PROVIDED MATERIAL -
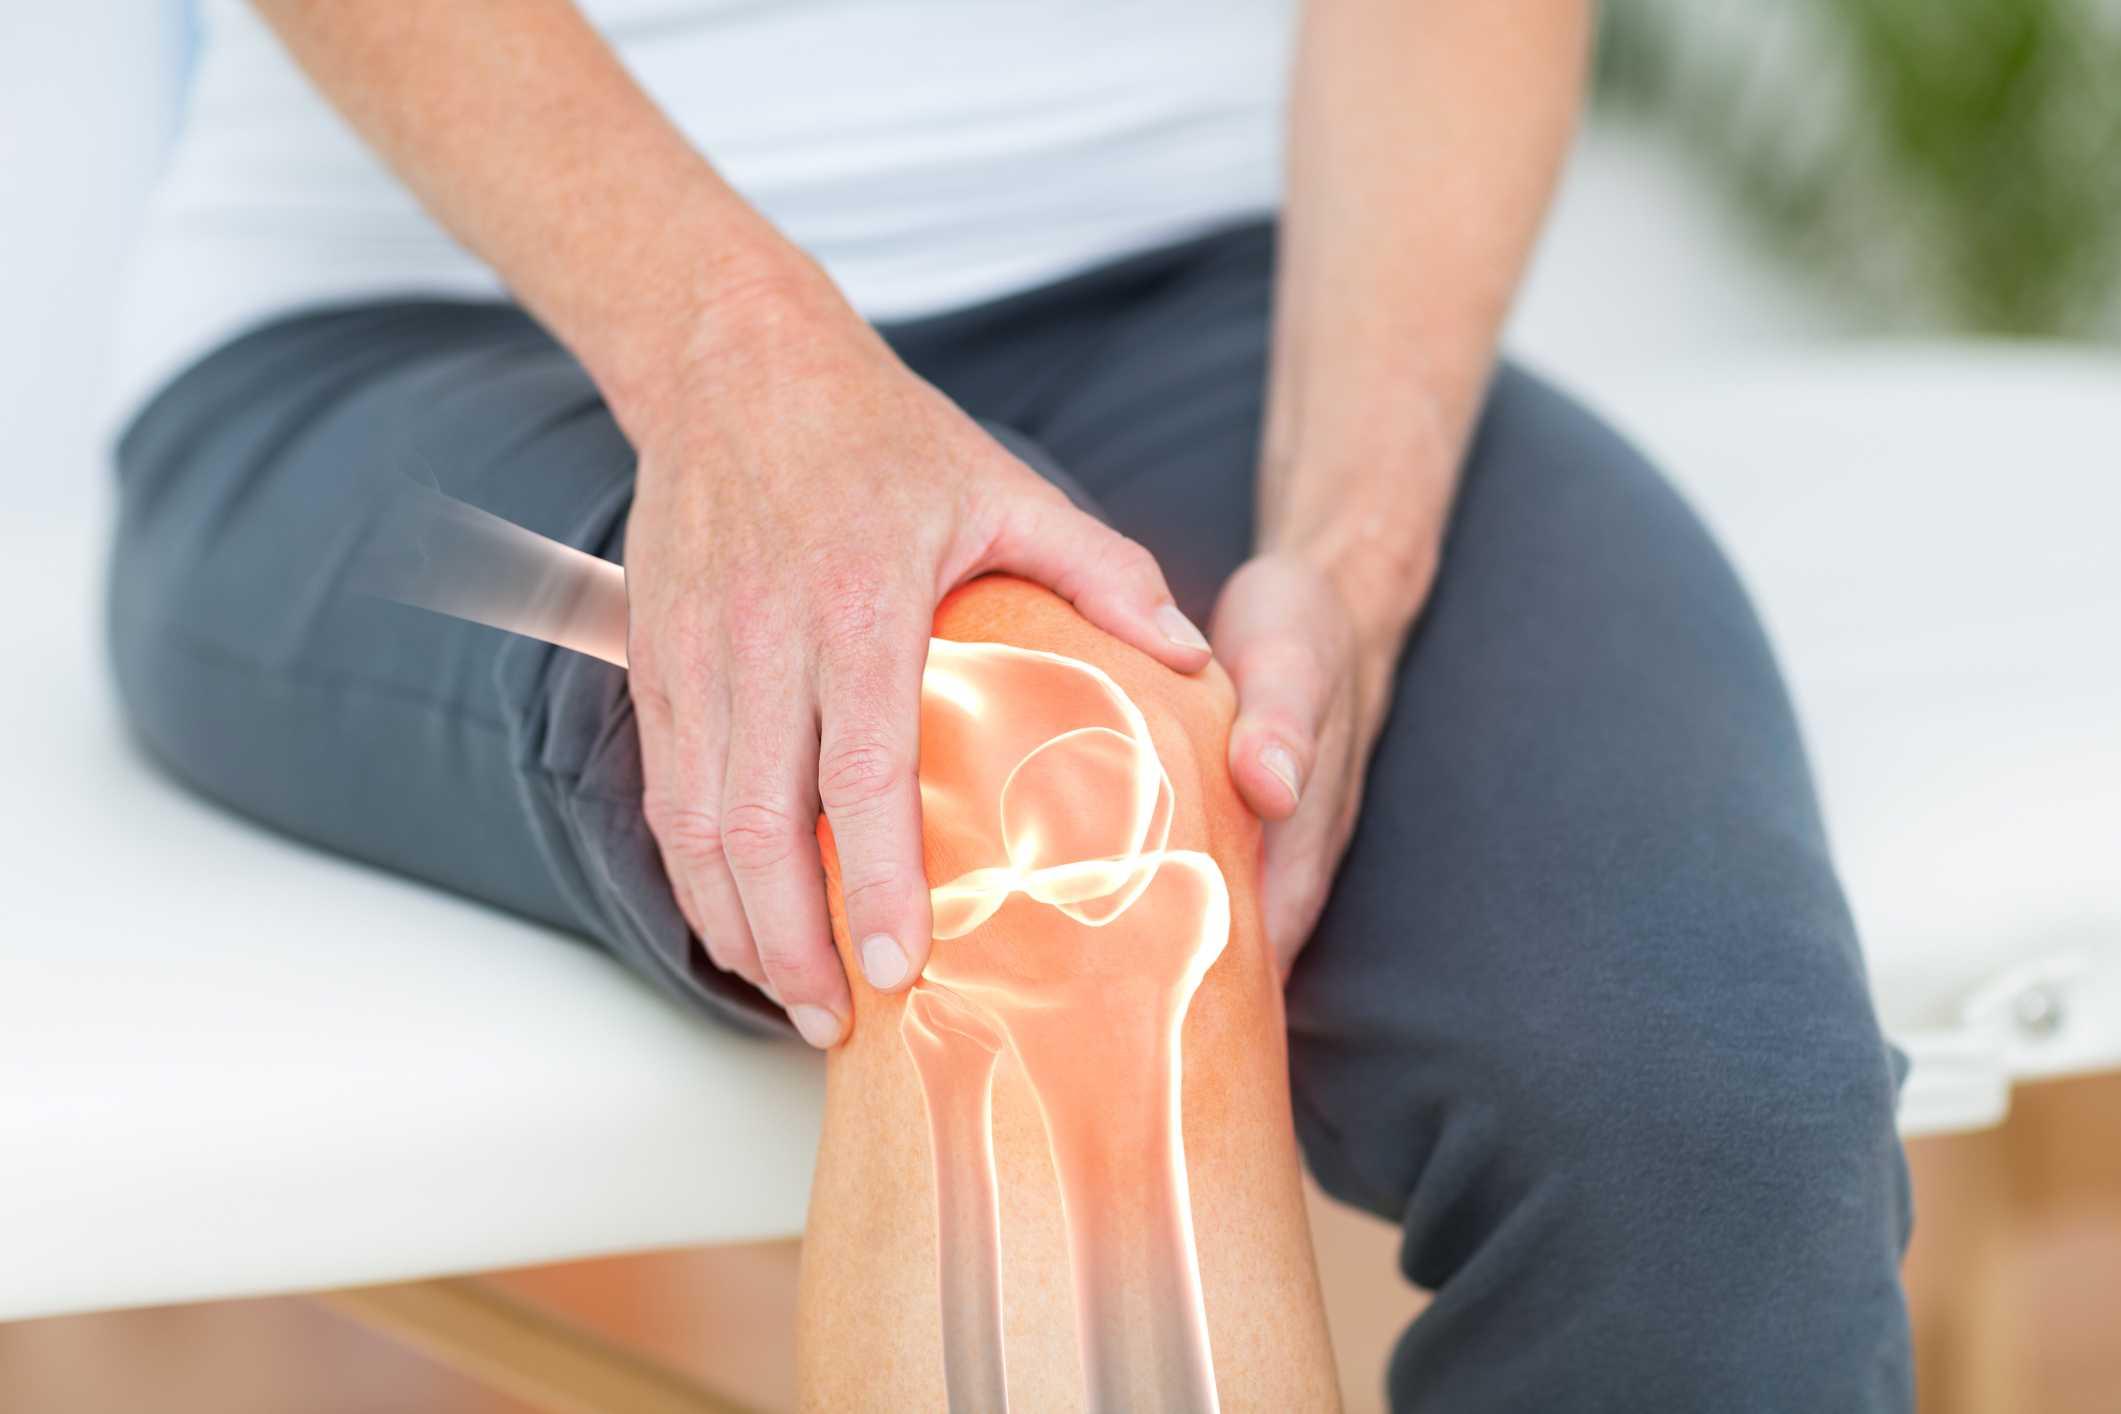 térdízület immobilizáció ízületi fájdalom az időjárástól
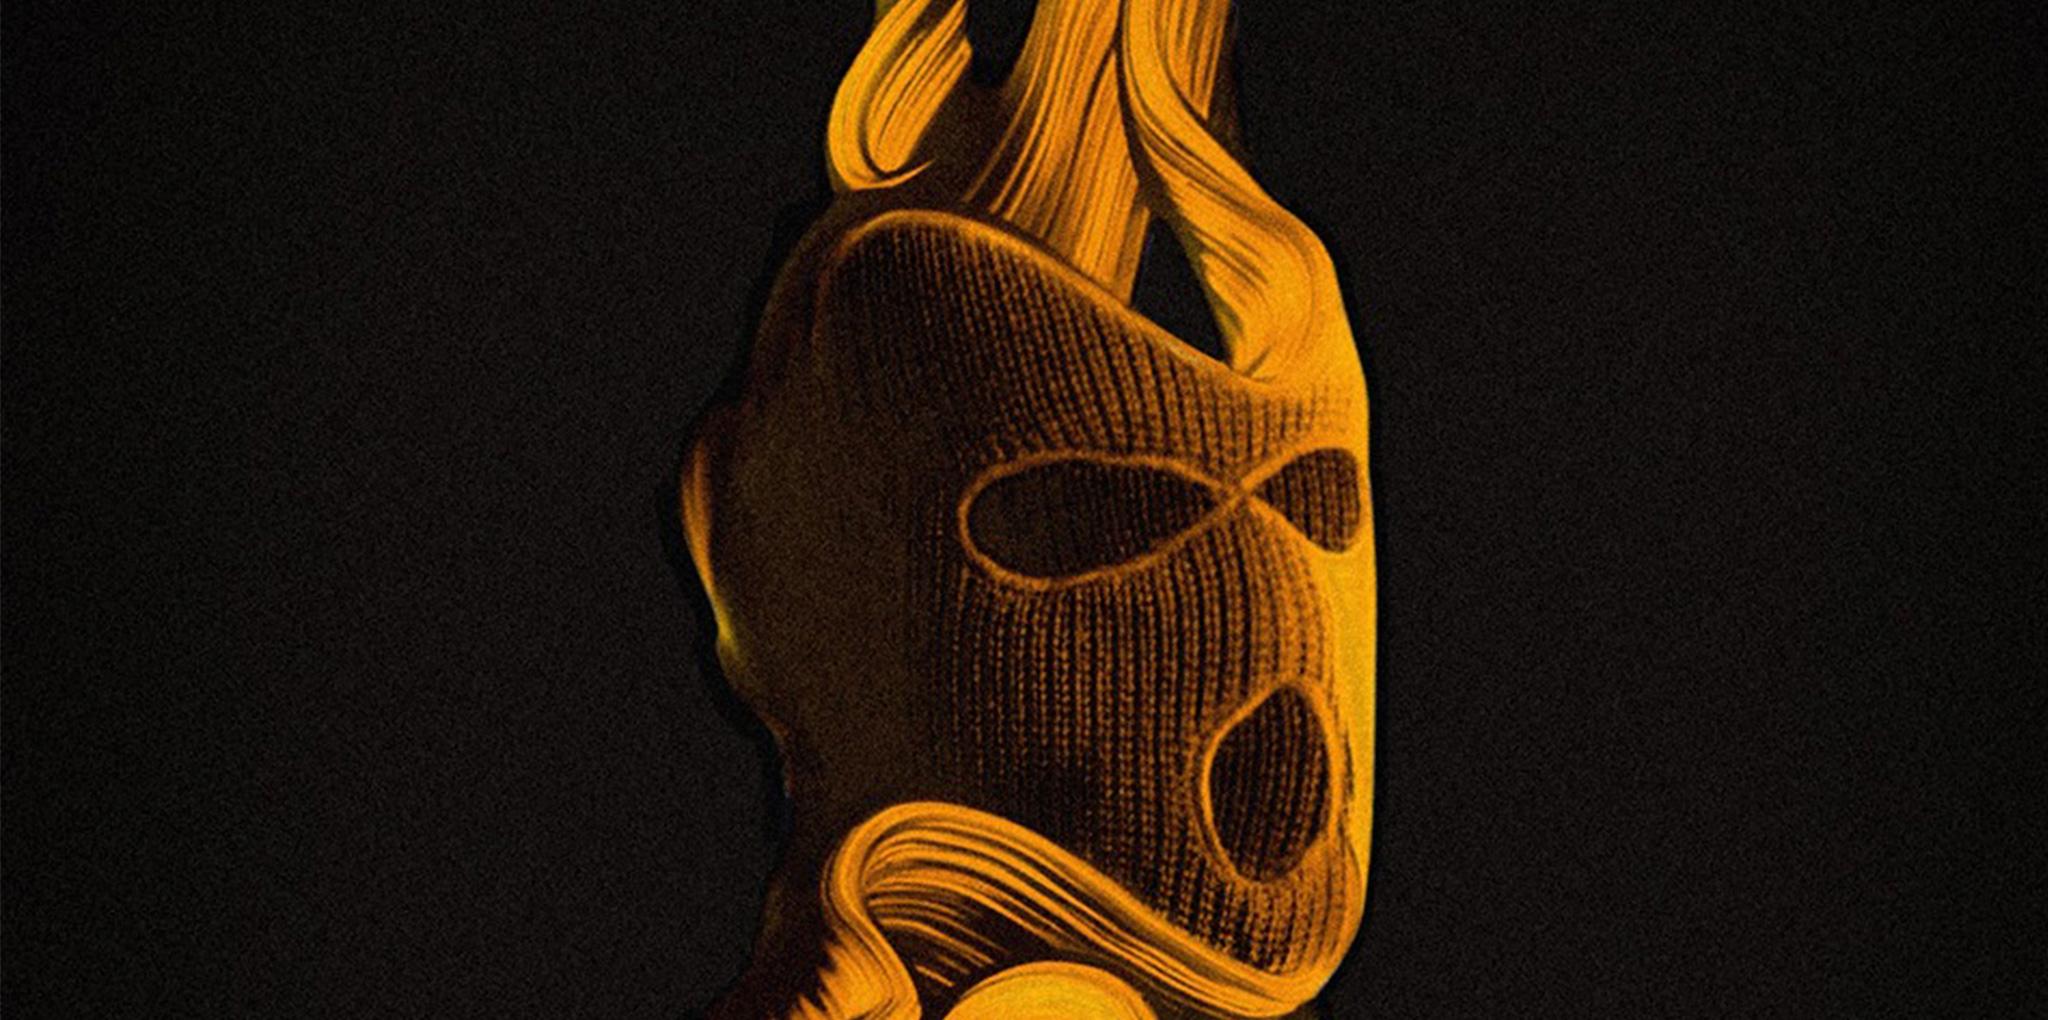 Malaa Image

---

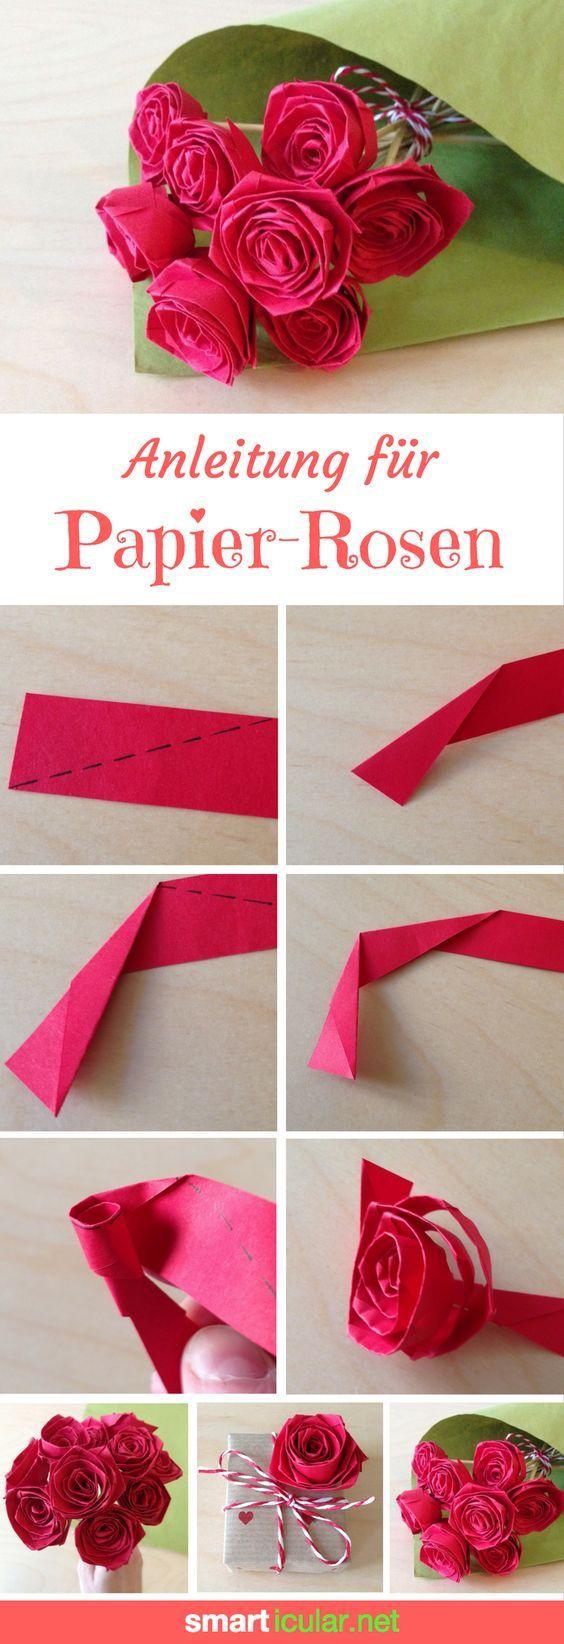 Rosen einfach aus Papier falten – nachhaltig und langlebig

---

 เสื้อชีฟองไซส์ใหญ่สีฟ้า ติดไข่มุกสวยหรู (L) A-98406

YOUR GOAL -
Your answer must be everything above from the line with "térdízület immobilizáció ízületi" down to the line with "Malaa Image", word for word, and no pictures.

THE ANSWER -
 térdízület immobilizáció ízületi fájdalom az időjárástól
 Malaa Image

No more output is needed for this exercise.